How High Temps Challenge Our Breathing (and things we can do to help)

Nick Heath, PhD Nick Heath, PhD
5 minute read

The dog days of summer are among us, and for several regions of the country, the heat makes being outside unenjoyable. Extreme temperatures can affect the body in several ways, from dehydration and electrolyte imbalance to heat exhaustion and trouble breathing. The high temperatures are associated with greater levels of pollution which can cause or exacerbate breathing problems.

It's essential to understand these factors to take steps to breathe better. So, let's explore ways to keep our breathing safe in the heat.

The Basic Impact of Heat on Our Body and Breathing

Heat is an external stressor that can create problems for the body. In the moments when you're getting overheated, the body increases the heart rate to enhance blood flow to the skin as a way to stay cool.

The body activates the sympathetic (fight-or-flight) branch of the autonomic nervous system to increase heart rate, but it also affects the breathing rate. That's why the body's response to heat can feel similar to cardiovascular exercise and explains why your breathing may feel more labored, even if you are not actually working out.

The effect on your body doesn't stop there; heat can also have negative emotional impacts. Research now shows that breathing and emotions are a two-way street. If you feel stressed, your breathing will get faster; however, if your breathing gets faster, this can also make you feel stressed.

This means the increased breathing rate that accompanies the heat will also make you feel emotionally drained: Heat stress causes fast breathing, which causes emotional distress, which further exacerbates breathing difficulties. It's no wonder hot weather can make us feel so depleted sometimes.

Heat, Dehydration, and Breathing Difficulties

In hot environments, our bodies sweat more to cool off. Although this natural response is extremely beneficial, we also lose vital electrolytes like sodium and potassium when we sweat. This response can lead to mineral imbalances if it persists for too long or is not accompanied by proper rehydration.

What does this have to do with breathing?

As mentioned in the previous section, we also tend to breathe faster in the heat. This pattern offloads excess carbon dioxide, which increases blood pH, and can cause electrolytes to act differently in our bodies. Specifically, when we over breathe and increase pH, electrolytes migrate into cells rather than stay in the fluid outside them.

Altogether, we see that the heat causes us to sweat and over breathe. Not only do these effects reduce electrolyte concentrations, but they can reduce the availability of electrolytes to perform their primary function. And the net result can be frequent muscle spasms, nerve functioning issues, and fatigue.

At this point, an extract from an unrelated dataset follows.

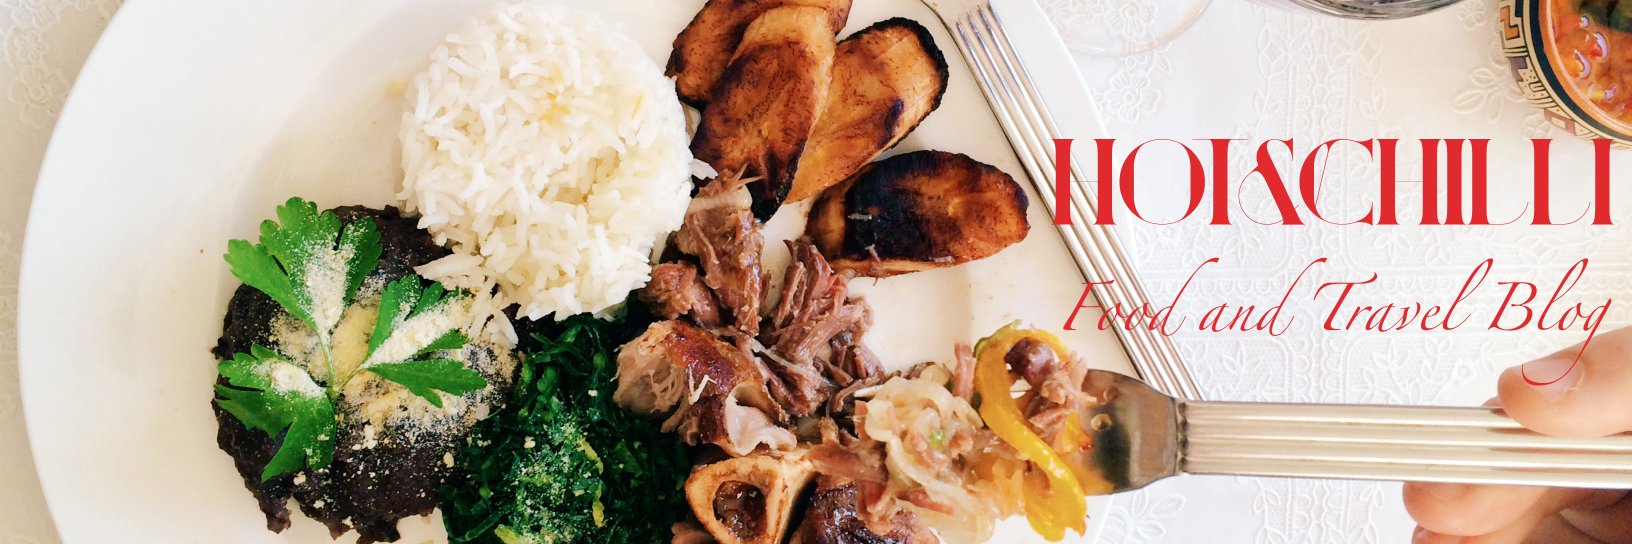 Amazing Michelin Star restaurant Refectorio @AbadiaRetuerta gorgeous dinner- part 1 #luxuryhotel… https://t.co/sQ7tjdToAl

High Temperatures Are Associated with Worse Air Quality

Pollution is generally worse in the spring and summer, from higher levels of pollen to particulate matter and ozone. These pollutants can cause or exacerbate breathing problems by irritating the airways and lungs.

Moreover, extremely high temperatures are generally associated with stagnant conditions (low wind speeds). Aside from the brutal heat, air pollutants can accumulate, further increasing the likelihood of breathing problems.

Things We Can Do to Help Our Breathing in the Heat

There are things you can do to protect yourself from these adverse effects. The obvious ones are to stay inside when you can, stay hydrated, and ensure you are taking any medications your doctor recommends.

But here are a few you may not have considered that might be helpful:

Breathe Through Your Nose

Breathing through your nose will help you reduce your breathing volume naturally, thus reducing the risk of over-breathing in the heat. Moreover, by exhaling through your nose, you retain more than 40% more moisture than exhaling through the mouth, which will help with hydration.

Breathing Breaks While Inside

When you get into a cool place, take a few minutes for a breathing reset. Breathe in for a count of 4 and breathe out for a count of 6. A few minutes of this slow, mindful breathing will activate the relaxation response. This will help you combat the stress from the heat and help you return to baseline quicker once inside.

Check Local Air Quality

Use a local weather agency, or a website such as Breezometer, to stay up-to-date on your local air quality conditions. This information can help you decide whether to go outside and help you determine how much time you spend there.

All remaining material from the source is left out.